Heller never stopped trying and (at some level) never quite believed his luck. Even the sure knowledge that he written one of the small handful of novels that will define the 20th century failed to supply the ultimate security that (as his books show) we can never hope to possess.

He had recently been working hard on a follow-up to his 1997 memoirs, Now and Then, and, always happy to meet his readers, came to the Cheltenham Festival in October.

"He was the antithesis of the reserved writer," said his UK publisher Martin Fletcher, editorial director at Simon & Schuster. "He was a delight to work with, and was always so grateful for anything that anyone did for him." A hard-driving edge - and a sense of wonder that he had come so far - never deserted Heller.
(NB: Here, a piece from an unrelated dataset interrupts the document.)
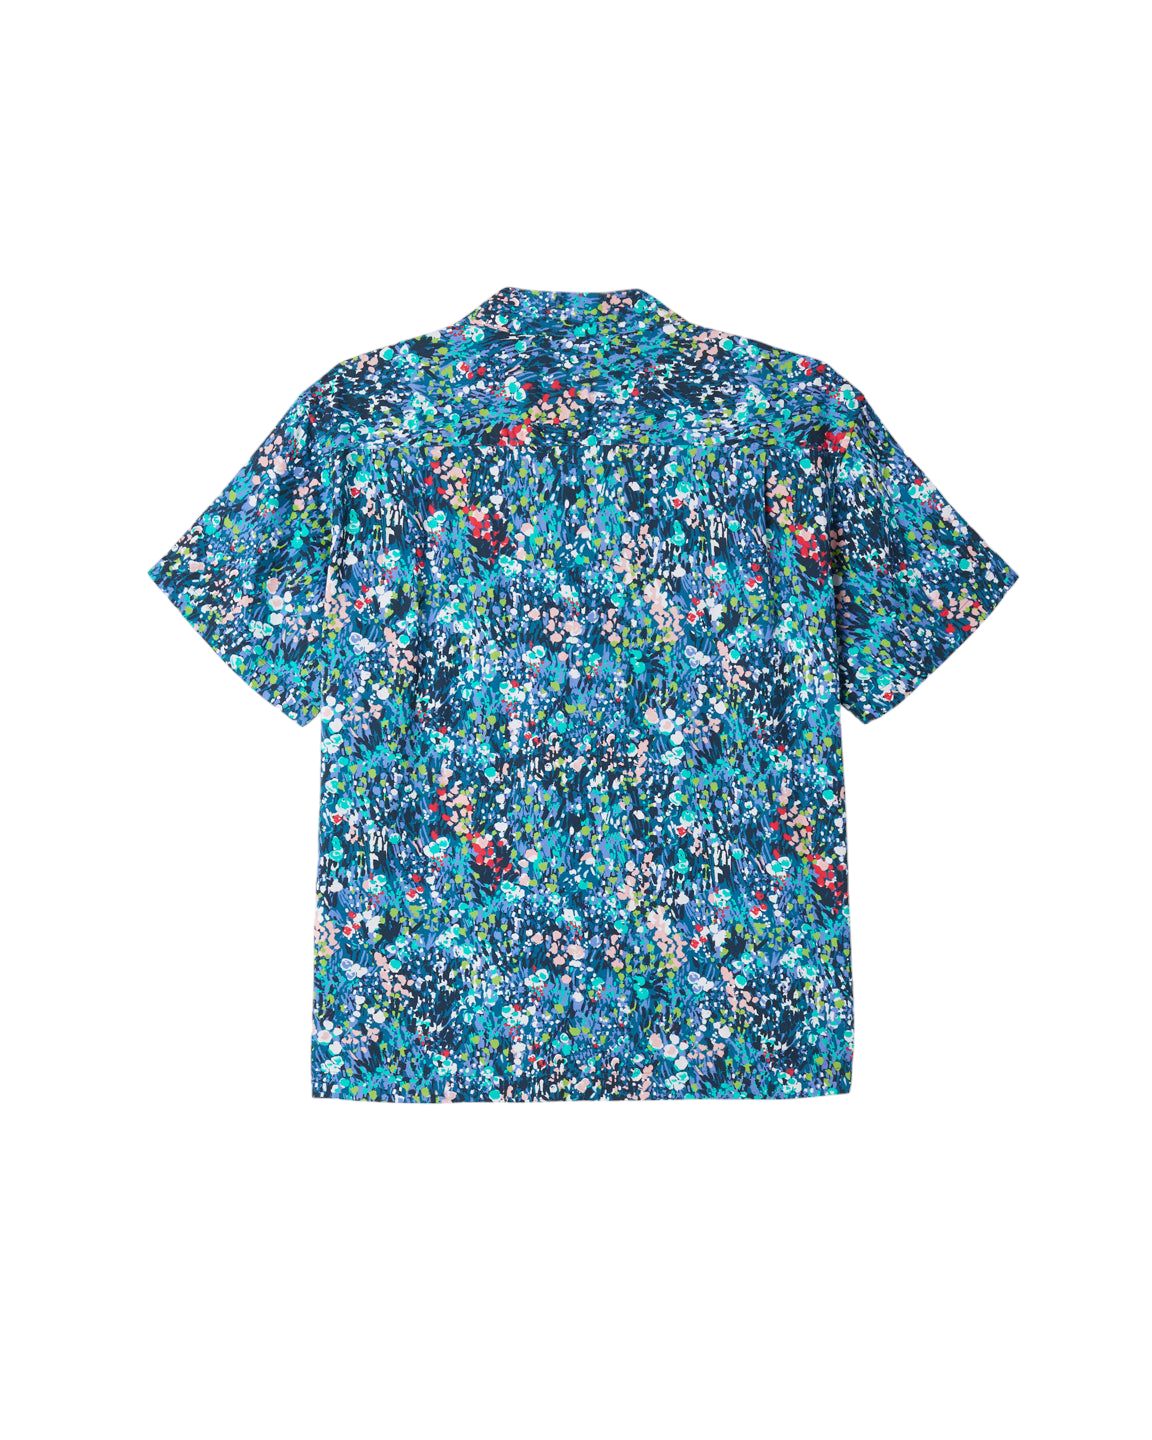 Men's The Garden Shirt Teal Blue Multi

The message that no mortal can ever just sit back and relax emerges not just from the paranoid world of Catch-22 but from the often undervalued books that followed: in the corporate and domestic horrors of Something Happened and Good as Gold, and the comically metaphysical angst of King David in God Knows.

In the 1980s, Heller suffered an obscure paralytic illness. Characteristically, he re-shaped this mysterious blow of fate into a sparky and challenging book (co-written with Speed Vogel), No Laughing Matter. Except, in Heller's hands, it was.

The central conceit of Catch-22 (originally entitled Catch-18) made him the wise-cracking, yarn-spinning Kafka of the Coca-Cola generation.

Of course, the book's razor-edged comedy reflects a young airman's harrowing ordeal in Italy in the latter stages of the Second World War.

Its pioneering portrait of an absurd bureaucracy that shelters and destroys its pawns became the finest fictional paradigm of life in late 20th-century institutions.

Yossarian, patron saint of the awkward squad, sustained his revolt against the system. So did Heller.

Yet he, and all his readers, knew that it was the archetypal spiv, Milo Mindbender, who had inherited the earth.

In a world of ruthless Cathcarts and smarmy Mindbenders - at school, at work, at home, in politics - Joseph Heller gave two generations the courage and the wit to dissent.